Из глубины подсознания всплыл вопрос, и Оливер услышал свое бессвязное бормотание:
– Сью… Сью… Она…
Он не мог выговорить остального.
Клеф снова подсунула ему чашку:
– Я полагаю, она может ничего не бояться – пока. Пожалуйста, Оливер, забудьте обо всем и пейте!
– Но ведь вы же знали! – Эта мысль дошла наконец до его оглушенного сознания. – Вы могли предупредить или…
– Разве в наших силах изменять прошлое? – спросила Клеф. – Мы знали, но смогли бы мы остановить метеорит? Или предупредить жителей? Отправляясь в путешествие, мы даем клятву никогда и ни во что не вмешиваться…
Голоса в комнате незаметно стали громче и теперь перекрывали шум, нараставший снаружи. Треск пламени, вопли и грохот разрушения сливались над городом в сплошной рев. Комнату заливало зловещим светом, по стенам и на потолке плясали красные отблески и багровые тени.

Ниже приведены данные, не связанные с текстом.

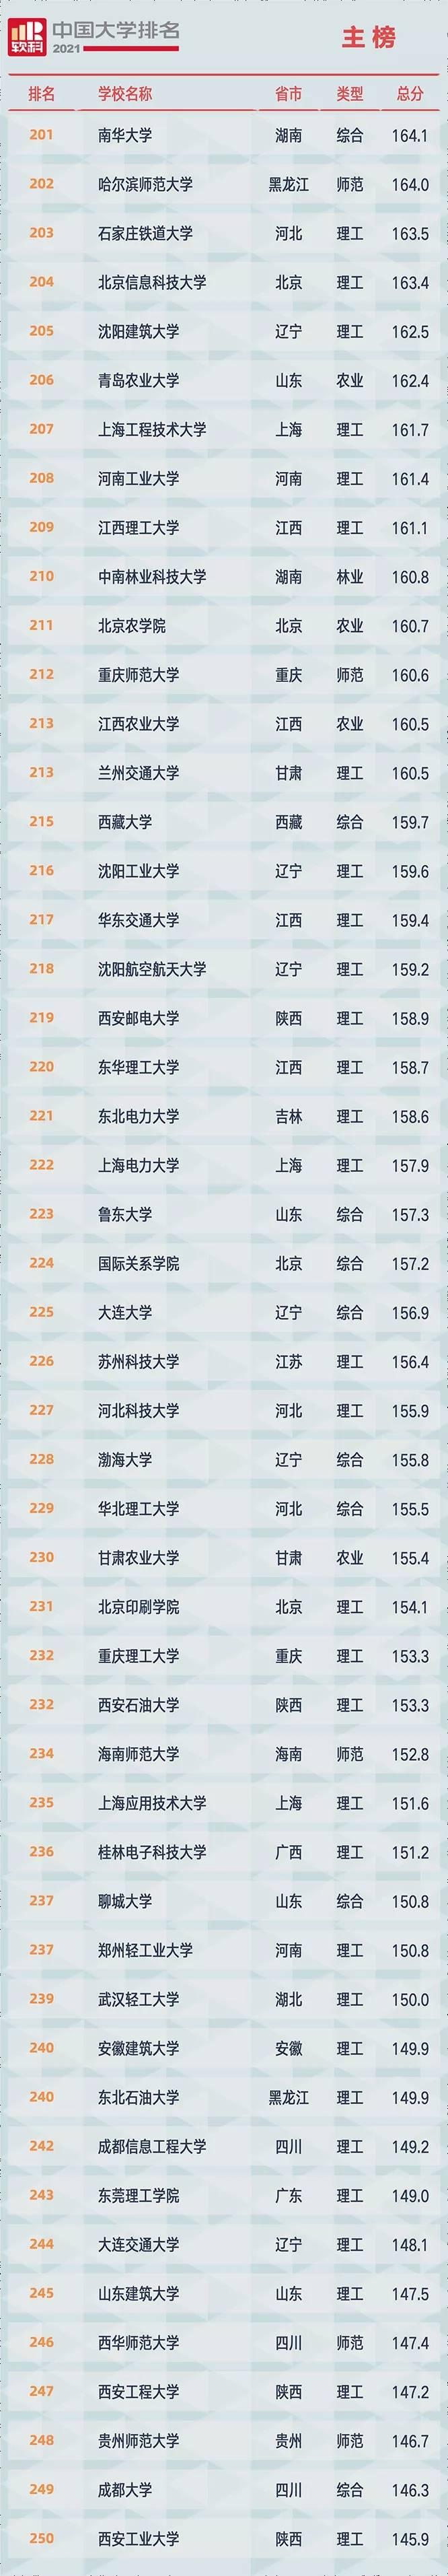 2021软科中国大学排名发布:清华大学、北京大学、浙江大学占据前三
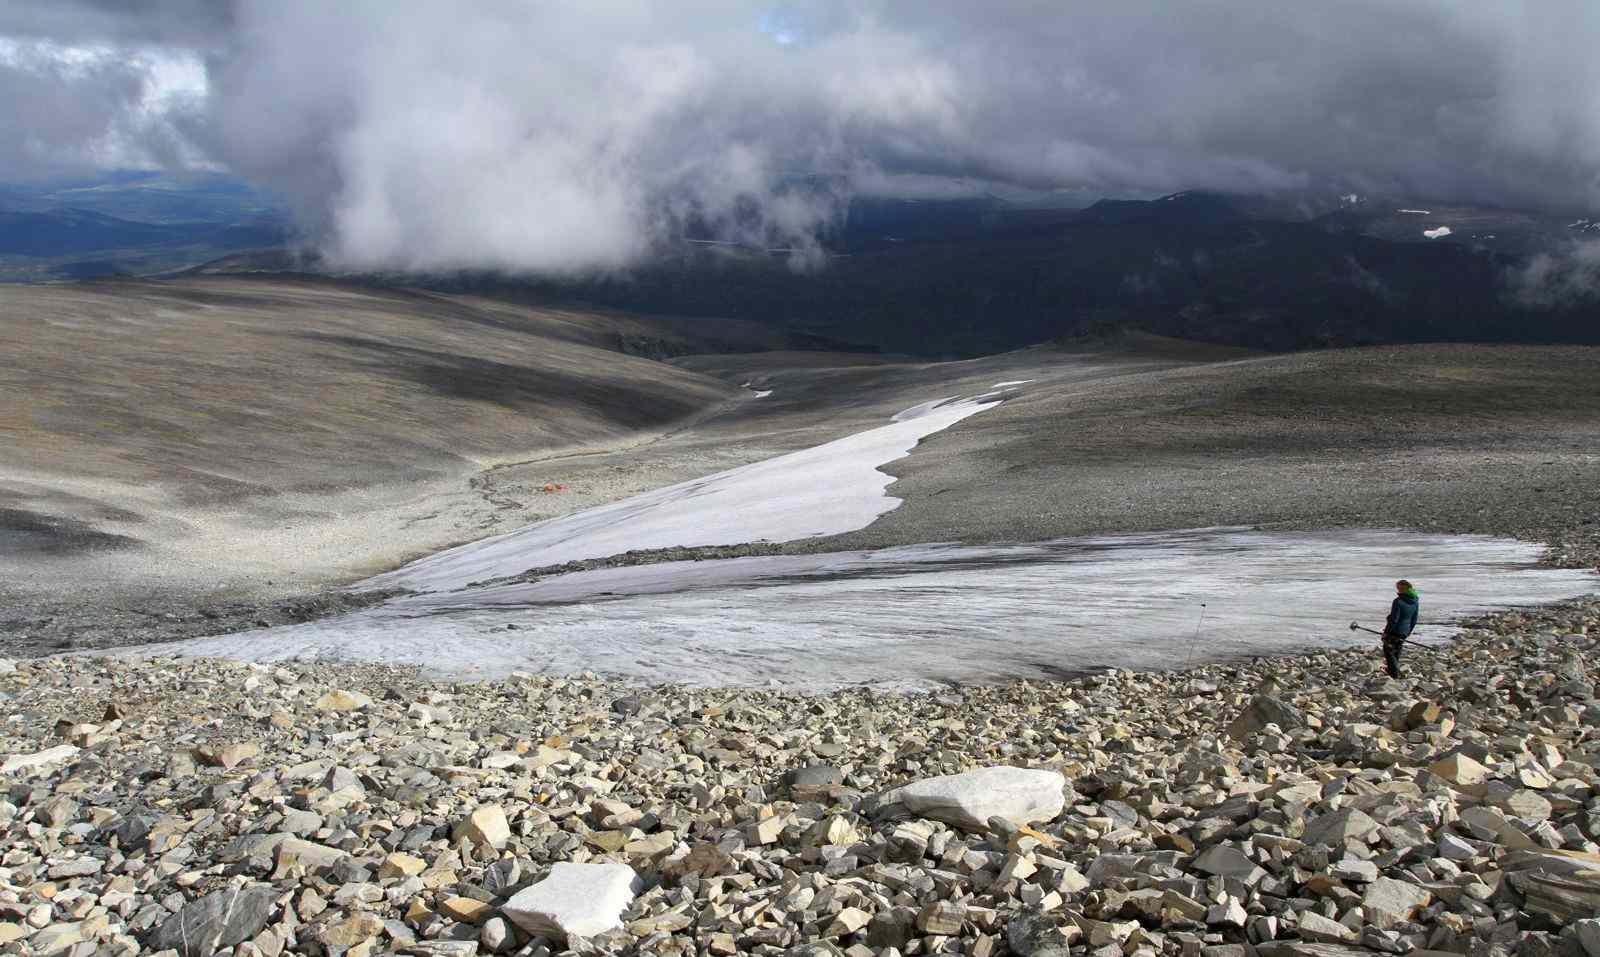 receeding glacier

Внизу хлопнула дверь и кто-то засмеялся визгливым, хриплым, злым смехом. У кого-то в комнате перехватило дыхание, потом раздались крики испуга, целый хор криков. Оливер попытался сосредоточиться на окнах и на жуткой картине, которая расстилалась за ними, и обнаружил, что это ему не удается.
Некоторое время он еще напряженно щурился и только потом понял, что зрение изменило не ему одному. Тихонько всхлипывая, Клеф прижалась к нему. Оливер машинально обнял ее и почувствовал облегчение оттого, что рядом было теплое, живое человеческое тело. Оно было настоящим, к нему хотя бы можно было прикоснуться – все остальное больше походило на дурной сон. Ее аромат, смешанный с одуряющим запахом чая, ударил ему в голову, и на короткое мгновение, пока он сжимал ее в объятиях (он понимал, что в последний раз), он совершенно забыл о том, что даже внешний вид комнаты как-то уродливо изменился.
Он ослеп, но не совсем. Слепота набегала чередой, быстрыми, расходящимися волнами мрака: в промежутках глаза успевали выхватить отдельные лица в неверном, мерцающем свете, идущем из окон, – недоверчивые, напряженные.
Волны набегали все чаще. Теперь зрение возвращалось только на миг, и этот миг становился все короче, а промежутки мрака – длиннее.
Снизу опять донесся смех. Оливеру показалось, что он узнал голос. Он открыл рот, чтобы сказать об этом, но где-то рядом хлопнула дверь, и, прежде чем он обрел дар речи, Омерайе уже кричал в пролет лестницы:
– Холлайа? – Его голос поднялся над ревом города. – Холлайа, это вы?
Она снова рассмеялась, в ее смехе было торжество.
– Я предупреждала вас! – раздался ее хриплый, резкий голос. – А теперь спускайтесь к нам на улицу, если хотите увидеть, что будет дальше.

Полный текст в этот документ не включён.